Assignment:
Copy out the lines beginning at the one with "Riffle Amsterdam Kurzarmshirt blue" and ending at the last line of the data, both included; pictures stay out.

Available data:
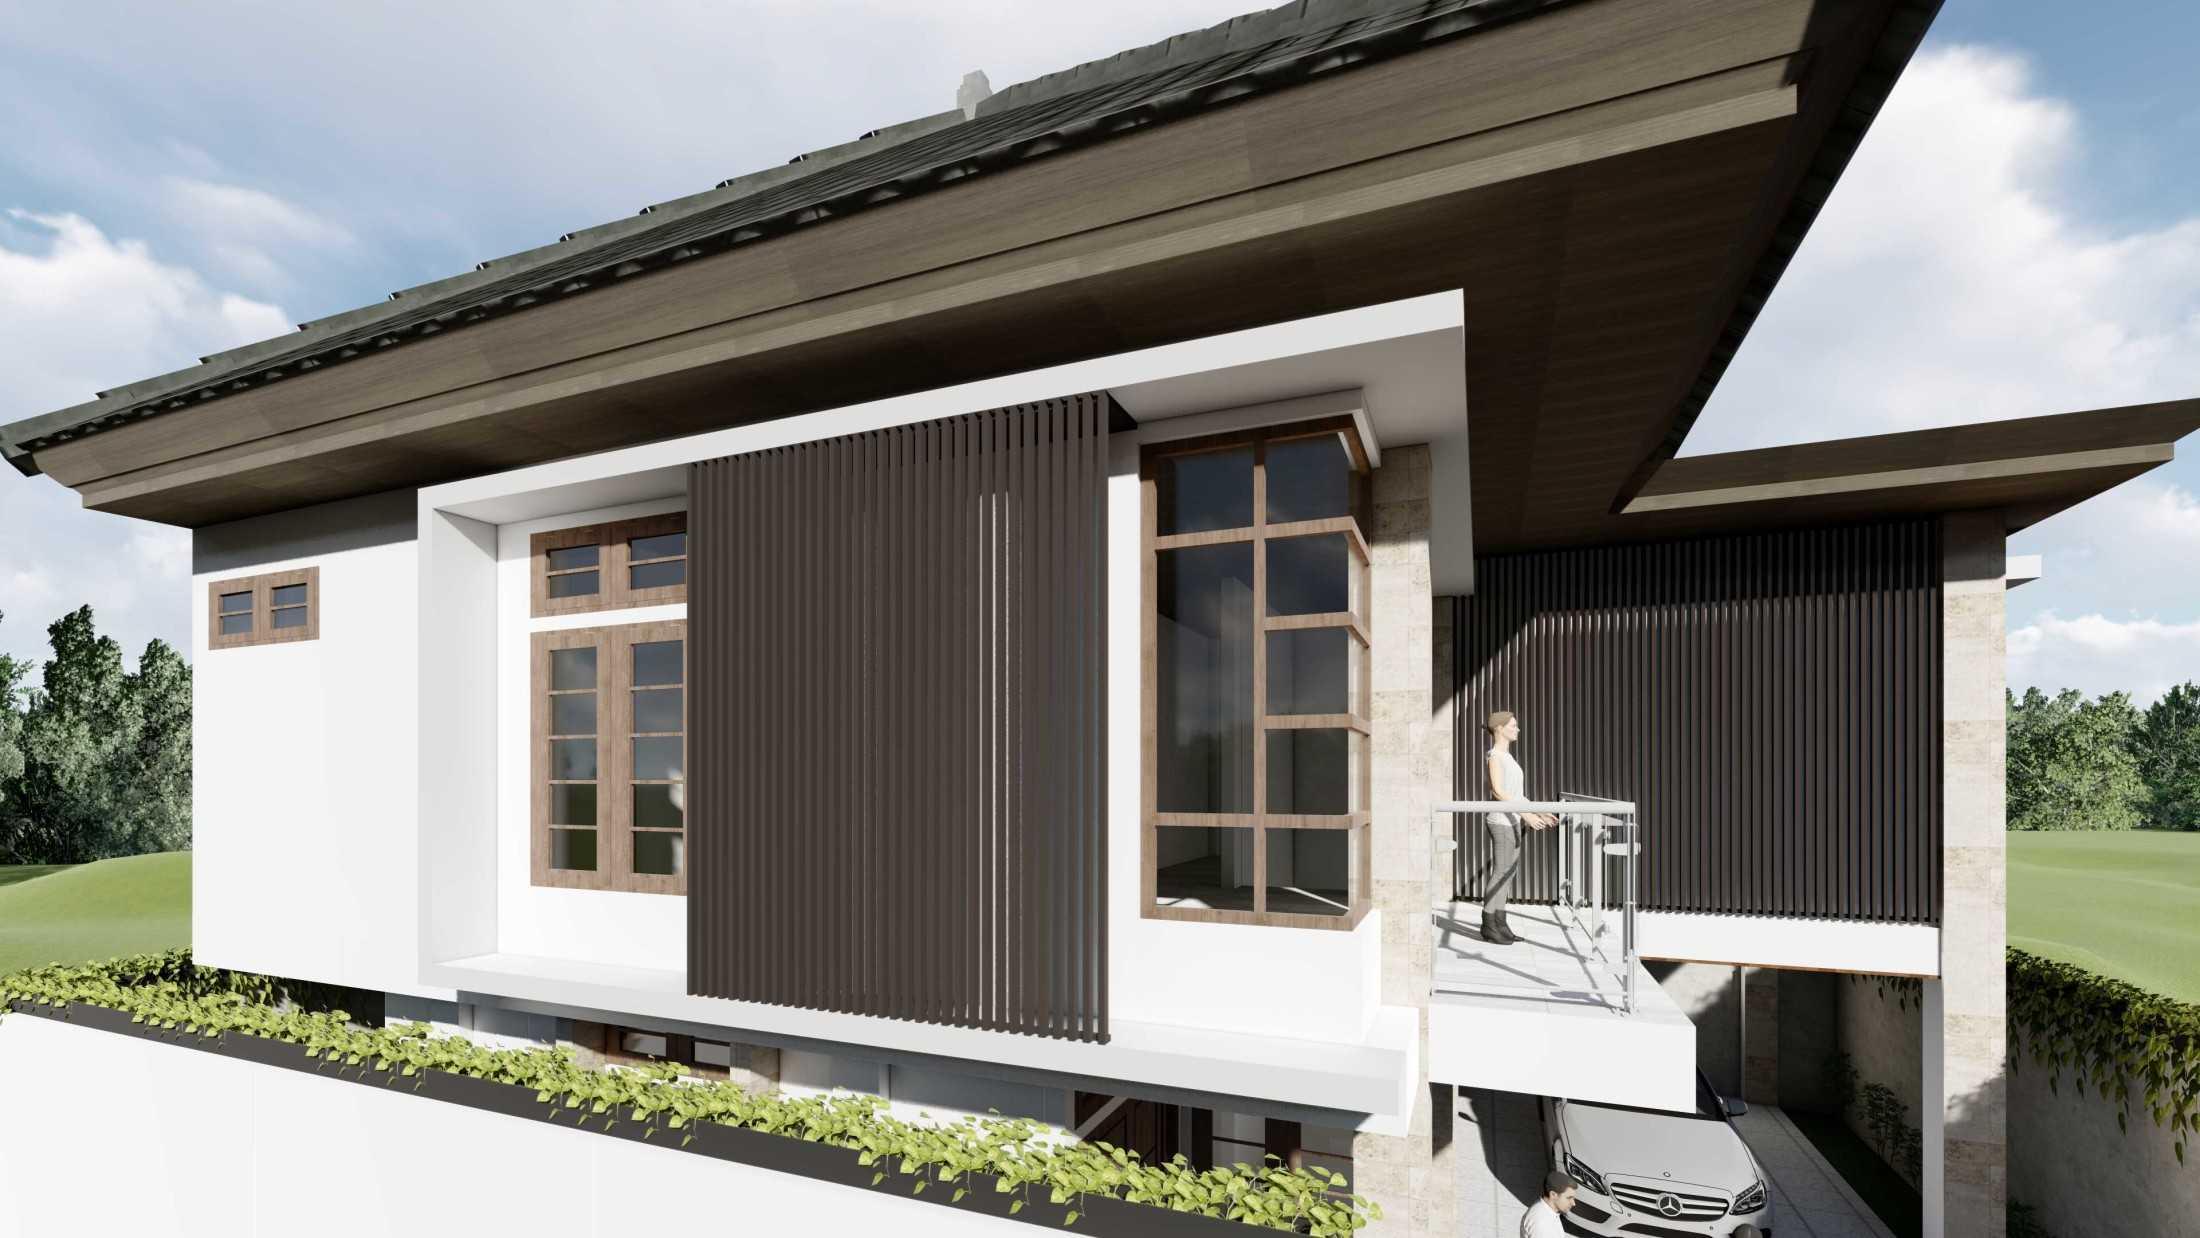 Astabumi Studio Js House Timor Leste Dili, Timor-Leste Pati, Kec. Pati, Kabupaten Pati, Jawa Tengah, Indonesia Cv-Astabumi-Manunggal-Prakarsa-Js-House-Timor-Leste  119265
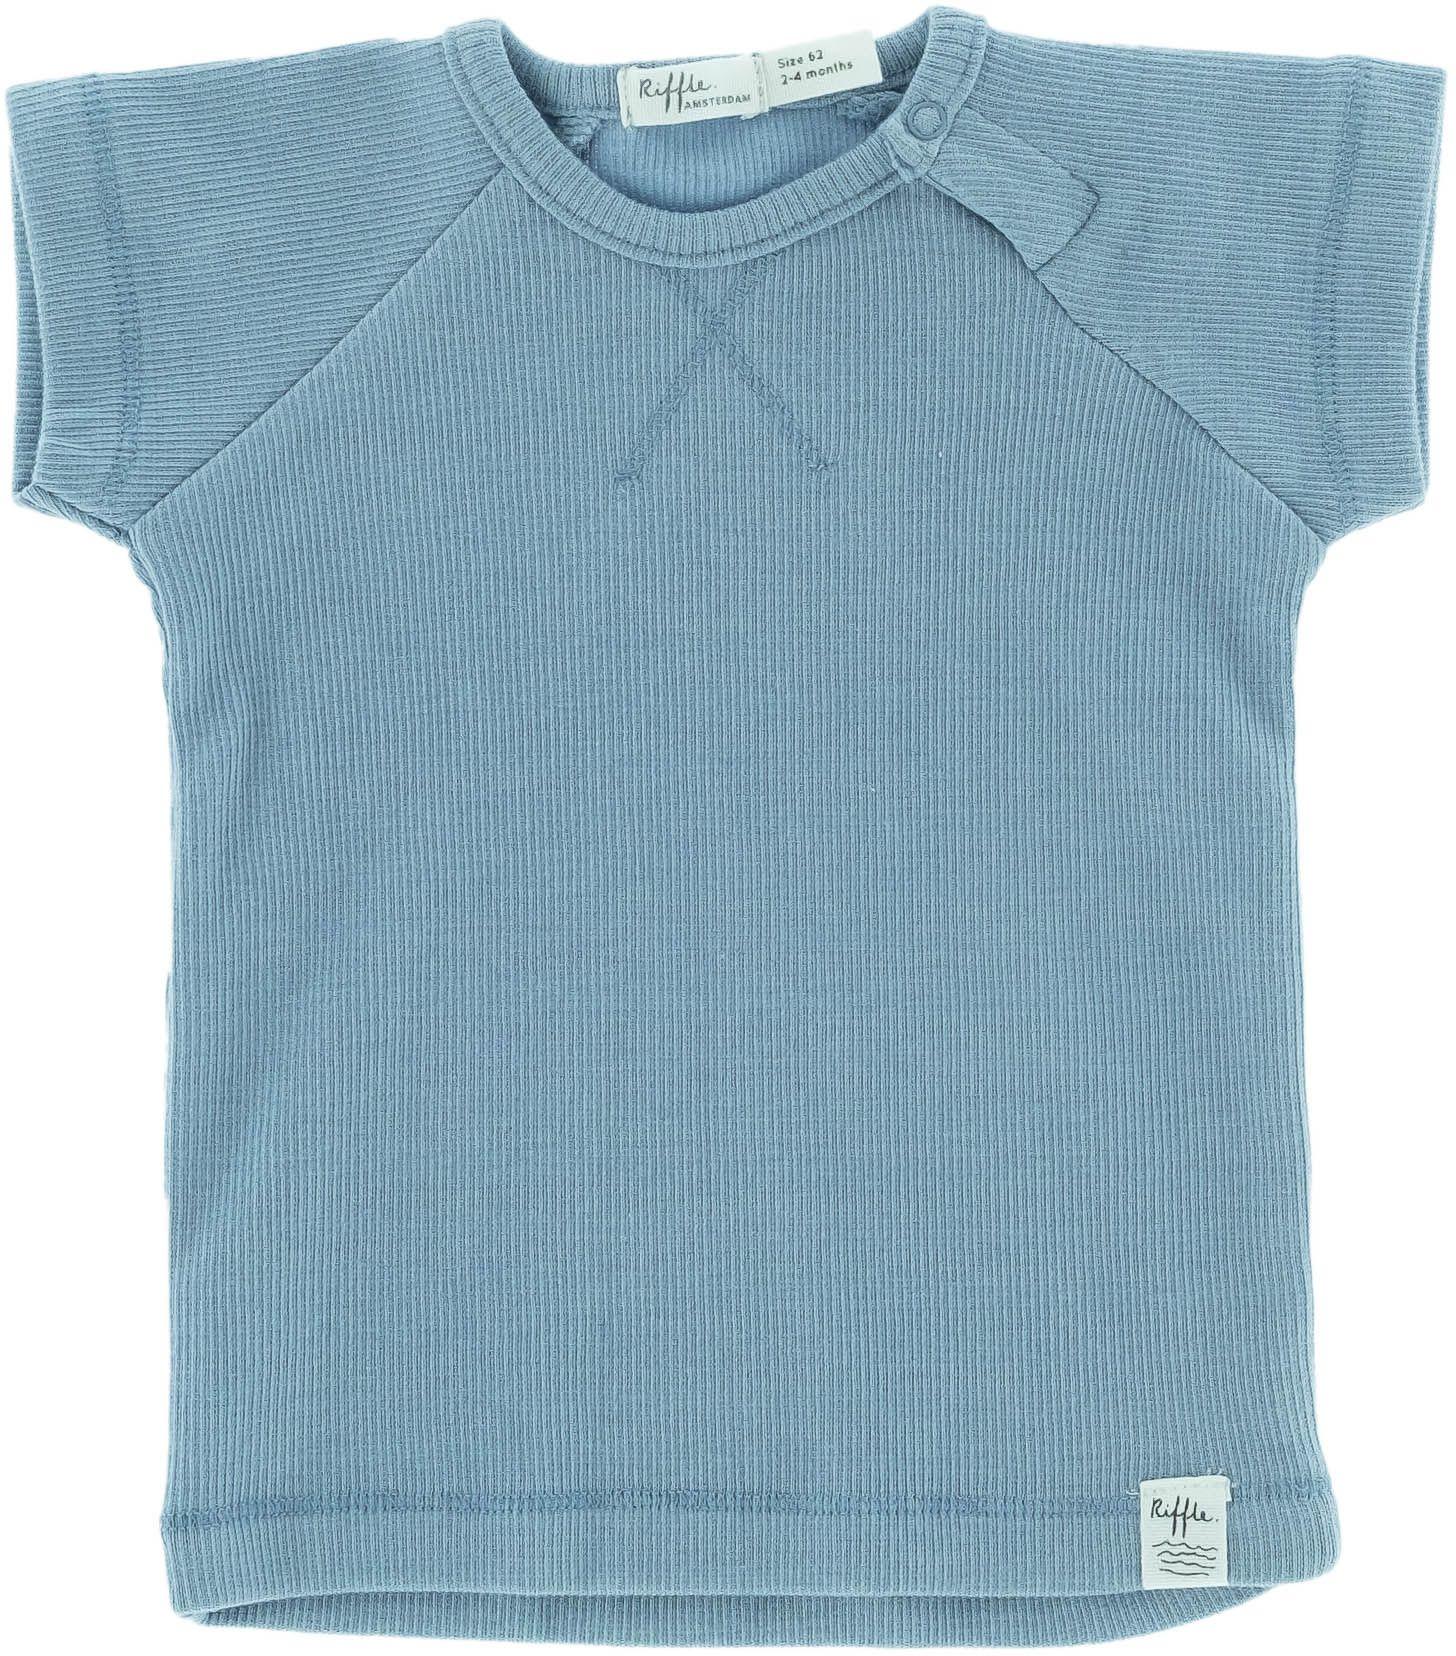 Riffle Amsterdam Kurzarmshirt blue
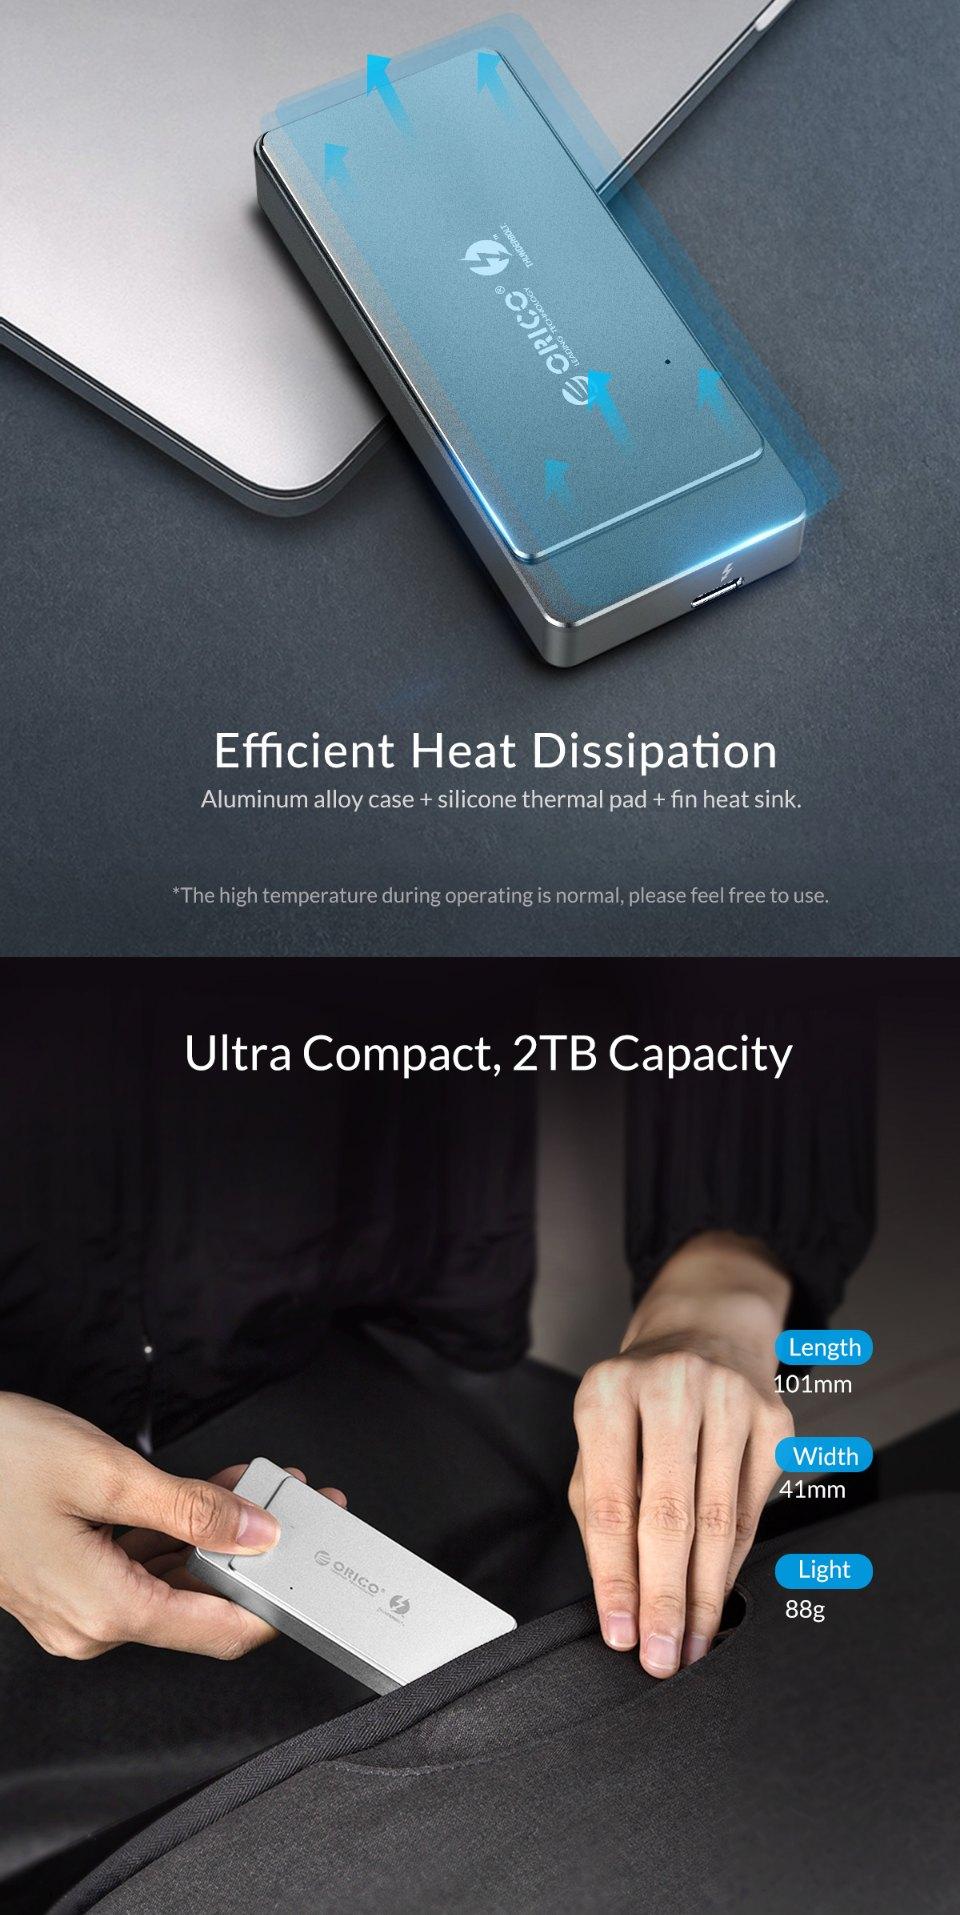 Orico Thunderbolt 3 M.2 NVME Enclosure Silver features 3

Expected answer:
 Riffle Amsterdam Kurzarmshirt blue
 Orico Thunderbolt 3 M.2 NVME Enclosure Silver features 3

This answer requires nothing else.